Let’s start with the heavy hitters. Pretend play is the gateway to symbolic thought. When children pretend, they are substituting one object for another. The red ball becomes an apple they pretend to eat, that old box is now a rocket ship sending them to the moon! This directly correlates to the ability to think symbolically later on.
Symbolic thinking is the ability to understand that a symbol, like the number three, for example, can stand in for an idea, in this case, a set of three identical objects. Later in their education, this will be vital. Without symbolic thinking, you can never learn to read because the letter “D” doesn’t actually mean anything. It is a representation of the sound “Duh.” When all those symbols get strung together the sounds they represent make a word, which also doesn’t mean anything. “Dog” is the symbolic word in English for the furry animal that likes to eat bones and say woof.
This means that pretend play and symbolic thinking are literally the foundation of our language skills! But it doesn’t stop there. As your child engages in pretend play, they are naturally creating a story, a logical sequence of events. And they are predicting what comes next in their story. Both sequencing and inferencing are two vital skills for reading comprehension. Because what good is learning to read all those symbols if you don’t understand the story they are telling?
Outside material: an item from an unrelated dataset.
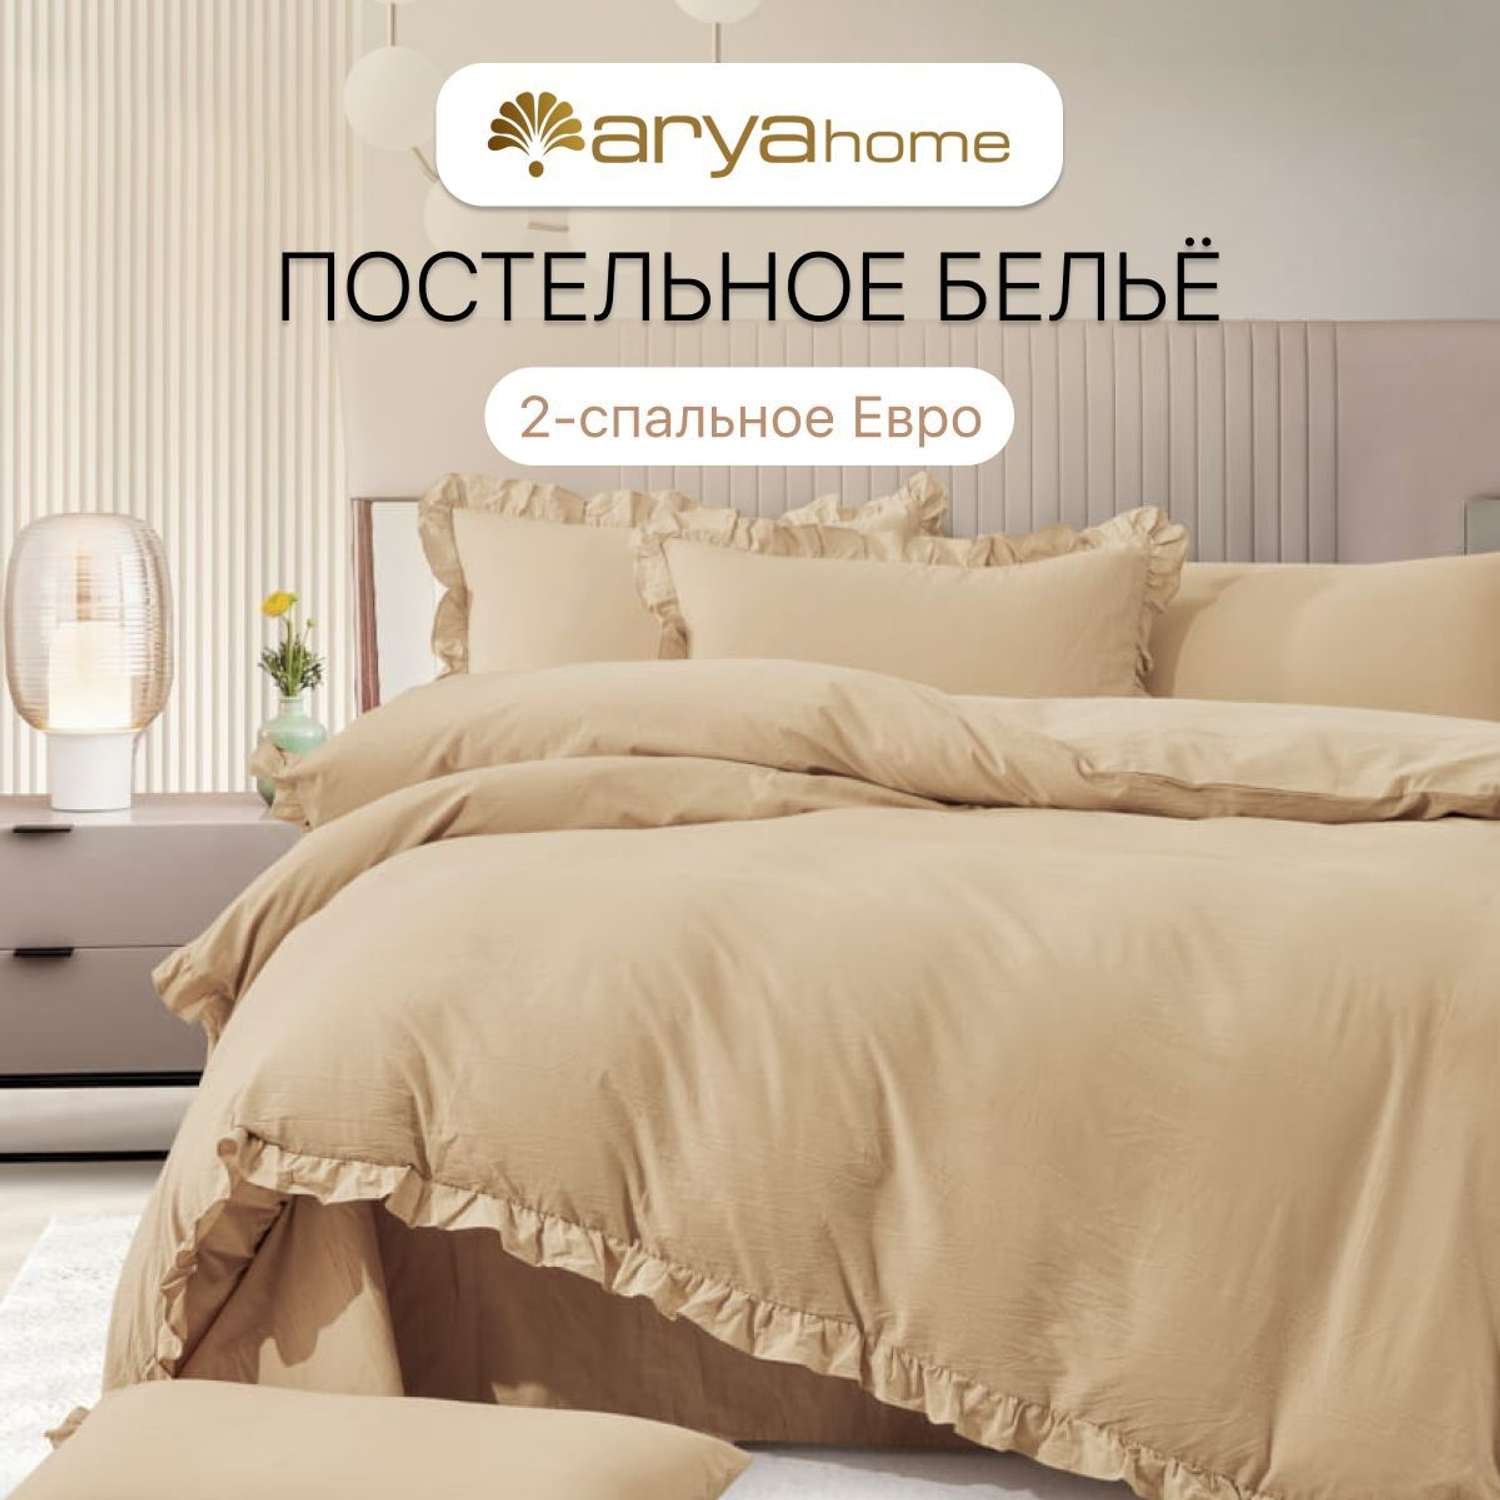 Постельное белье Arya Home Collection 2 спальное евро комплект 200x220 Valensiya сатин 4 наволочки 50х70 с евро простыней - фото 1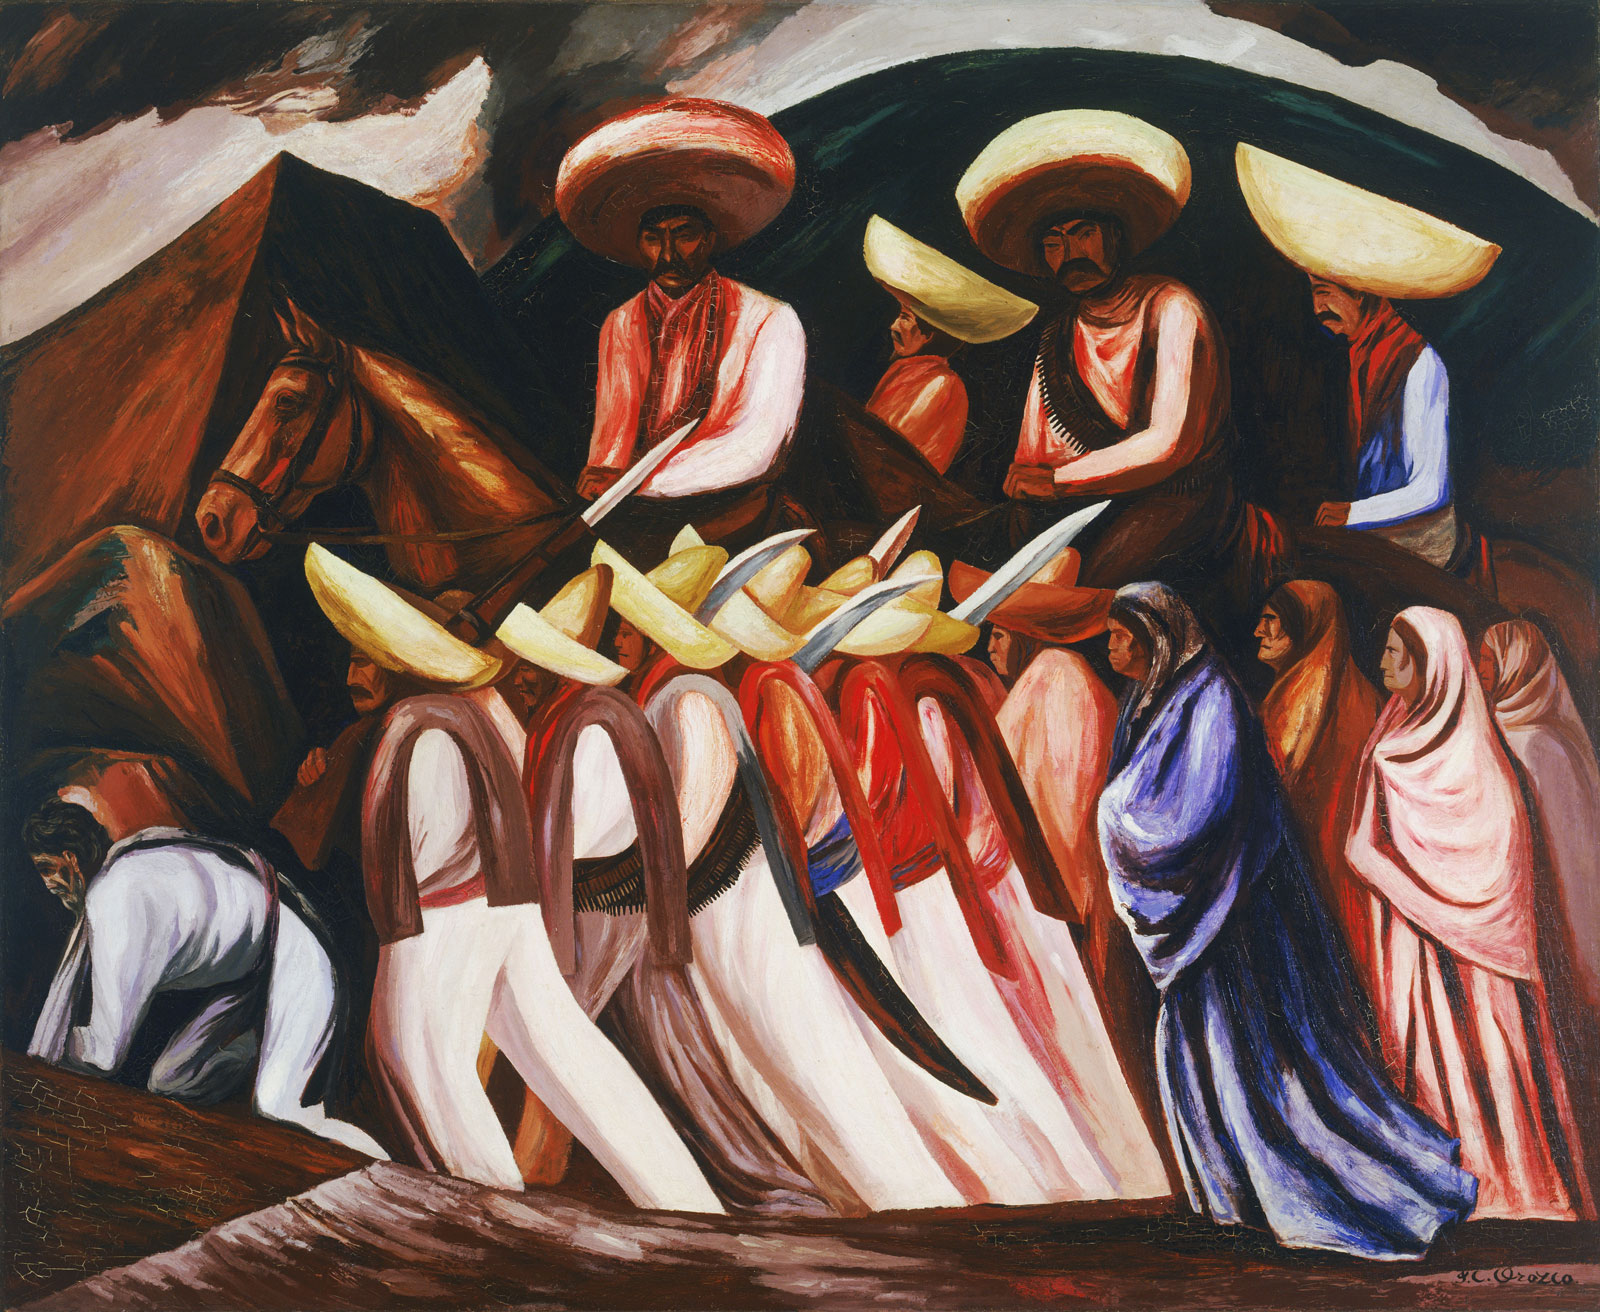 José Clemente Orozco: Zapatistas, 1931

And those are just the academic benefits of creative play. We can’t forget the long-term effects it will have on a child’s life. The Harvard Business Review has listed Creativity/Creative Problem Solving among employers’ most sought-after work skills for several years running. This is because they are not skills that can be replaced by automation. Computers can be taught efficiency but at the end of the day, they can’t go beyond their programming to innovate. This means creative individuals with the technical skills to manifest their ideas will always be in demand.
Let me put it another way. A child’s ability to look at a bedsheet and say “it could be a cape, or a tent, or a ghost, or a flag, or a canvas!” is the stepping stone that allows them as an adult to say “I know we designed the widget to do this, but it’s an emergency so what if we used it this way instead.”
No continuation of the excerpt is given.